2013 Big Easy Tour season
- Duration: 9 April 2013 – 25 October 2013
- Number of official events: 12
- Order of Merit: Divan Gerber

= 2013 Big Easy Tour =

Golf tour season

The 2013 Big Easy Tour was the third season of the Big Easy Tour, the official development tour to the Sunshine Tour.

==Schedule==
The following table lists official events during the 2013 season.

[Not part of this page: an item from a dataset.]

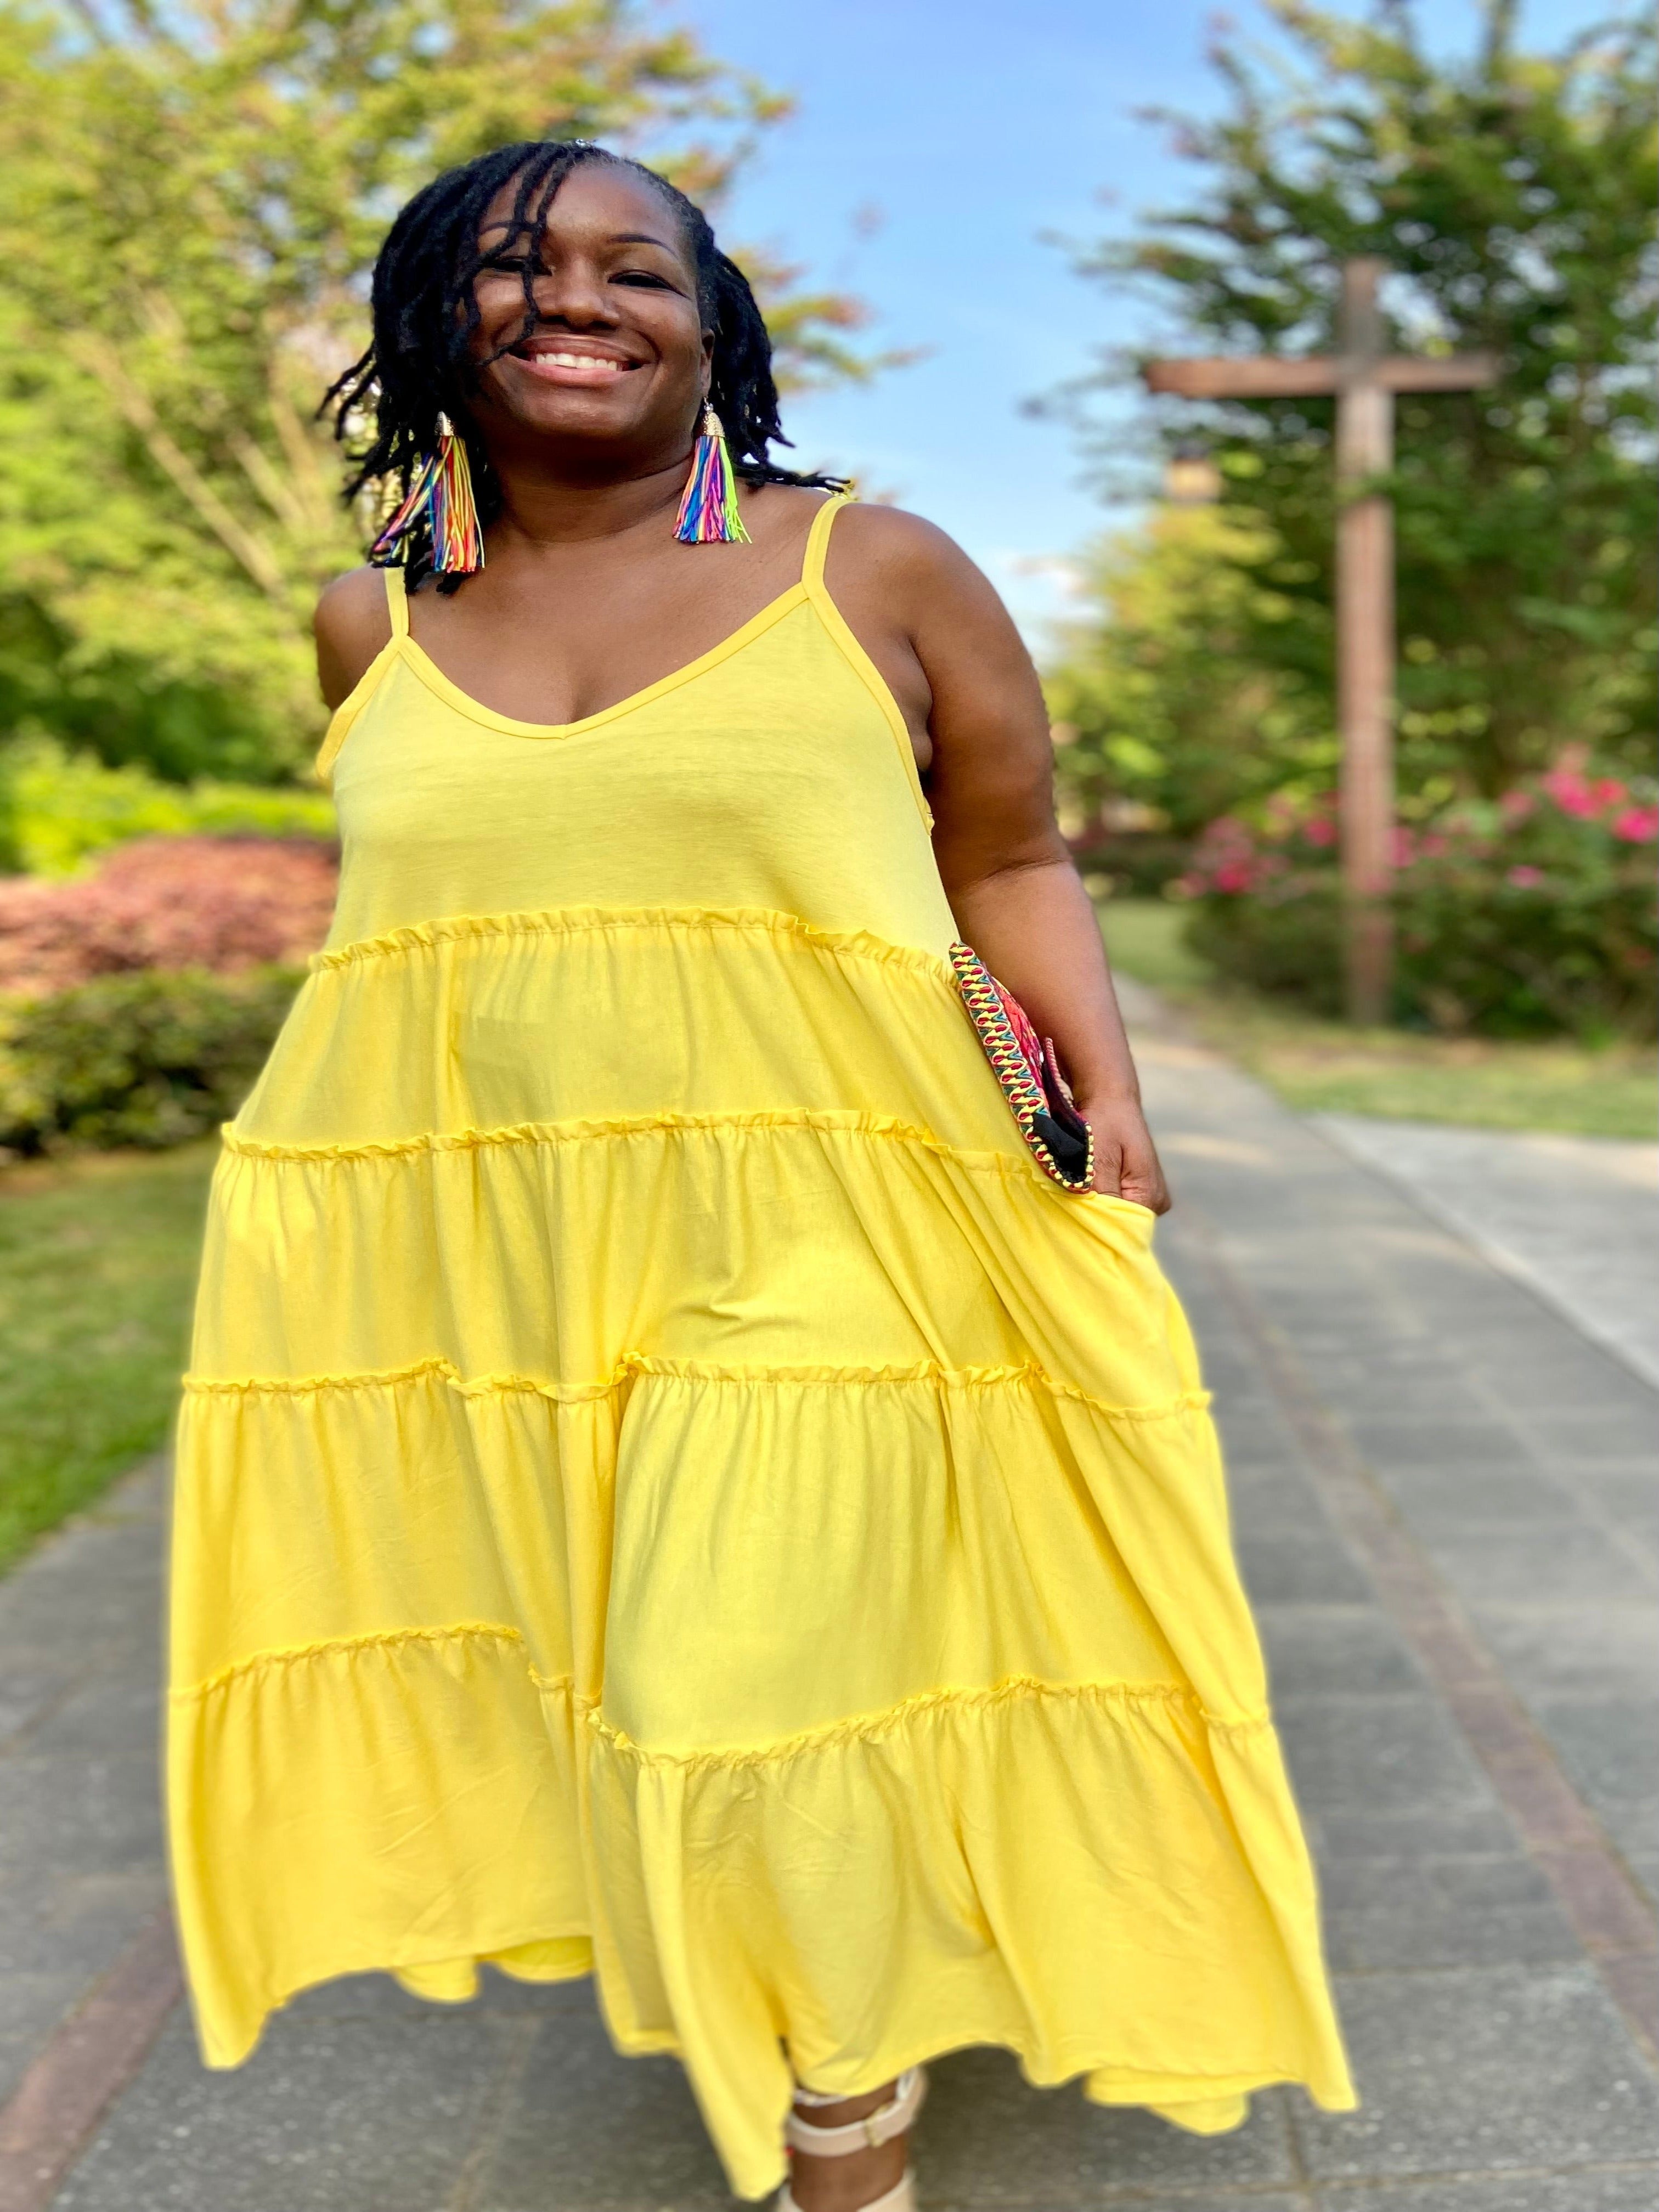 Summer Wind: Yellow Cocktail Dress for a Summer Wedding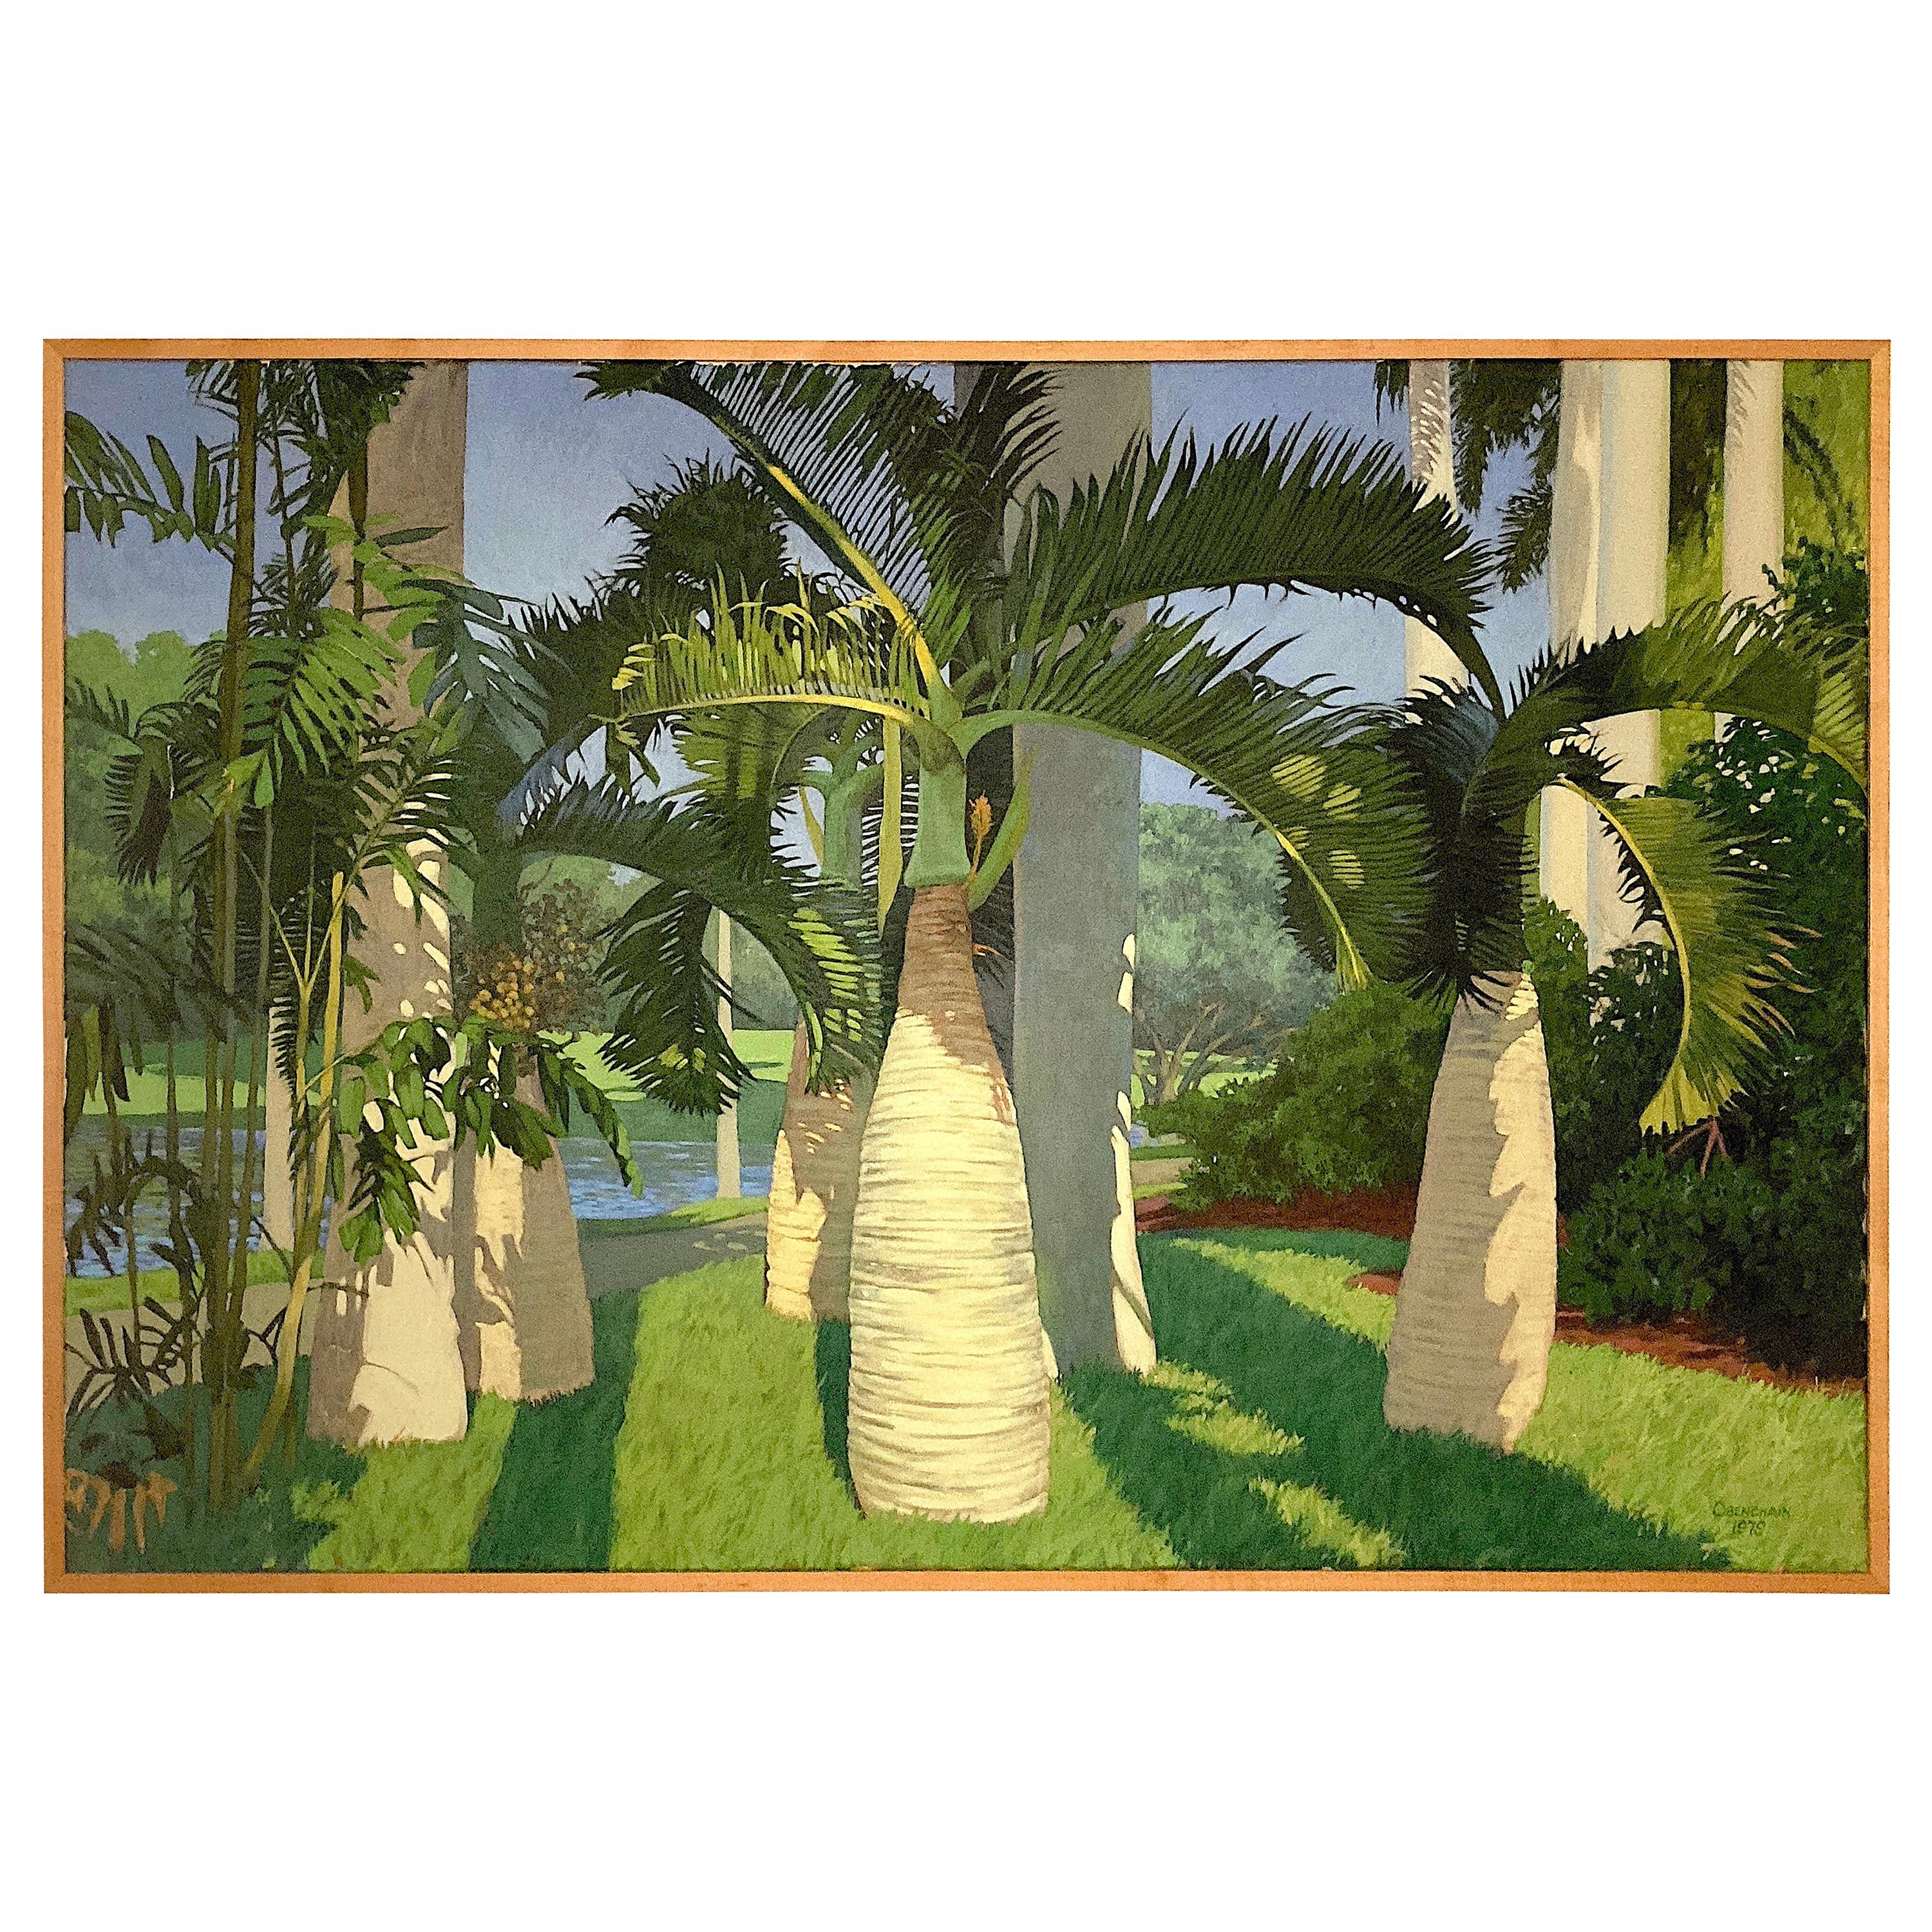 Bottle Palms, Oasis, Oil on Canvas, Richard 'Dick' Obenchain, 1979

| Date | Tournament | Location | Purse (R) | Winner |
|---|---|---|---|---|
| 10 Apr | Roodepoort CC | Gauteng | 100,000 | ZAF Dylan Frittelli (1) |
| 24 Apr | Observatory GC | Gauteng | 100,000 | ZIM Micky Hough (1) |
| 8 May | Centurion CC | Gauteng | 100,000 | ZAF Toto Thimba Jr. (2) |
| 24 May | Kempton Park GC | Gauteng | 100,000 | ZAF Jaco Prinsloo (1) |
| 7 Jun | Irene CC | Gauteng | 100,000 | ZAF Anton Haig (1) |
| 19 Jun | Wingate CC | Gauteng | 100,000 | ENG Jeff Inglis (3) |
| 26 Jun | Houghton GC | Gauteng | 100,000 | ZAF Attie Schwartzel (1) |
| 10 Jul | Benoni CC | Gauteng | 100,000 | ZAF Kevin Stone (1) |
| 24 Jul | Royal J & K | Gauteng | 100,000 | ZAF Morne Buys (2) |
| 14 Aug | The Els Club | Gauteng | 100,000 | ZAF Jacques Kruyswijk (1) |
| 23 Aug | ERPM GC | Gauteng | 100,000 | ZAF Dean O'Riley (2) |
| 25 Oct | Big Easy Tour Championship | Gauteng | 250,000 | ZAF Divan Gerber (2) |

==Order of Merit==
The Order of Merit was based on prize money won during the season, calculated in South African rand. The top five players on the Order of Merit earned status to play on the 2014 Sunshine Tour.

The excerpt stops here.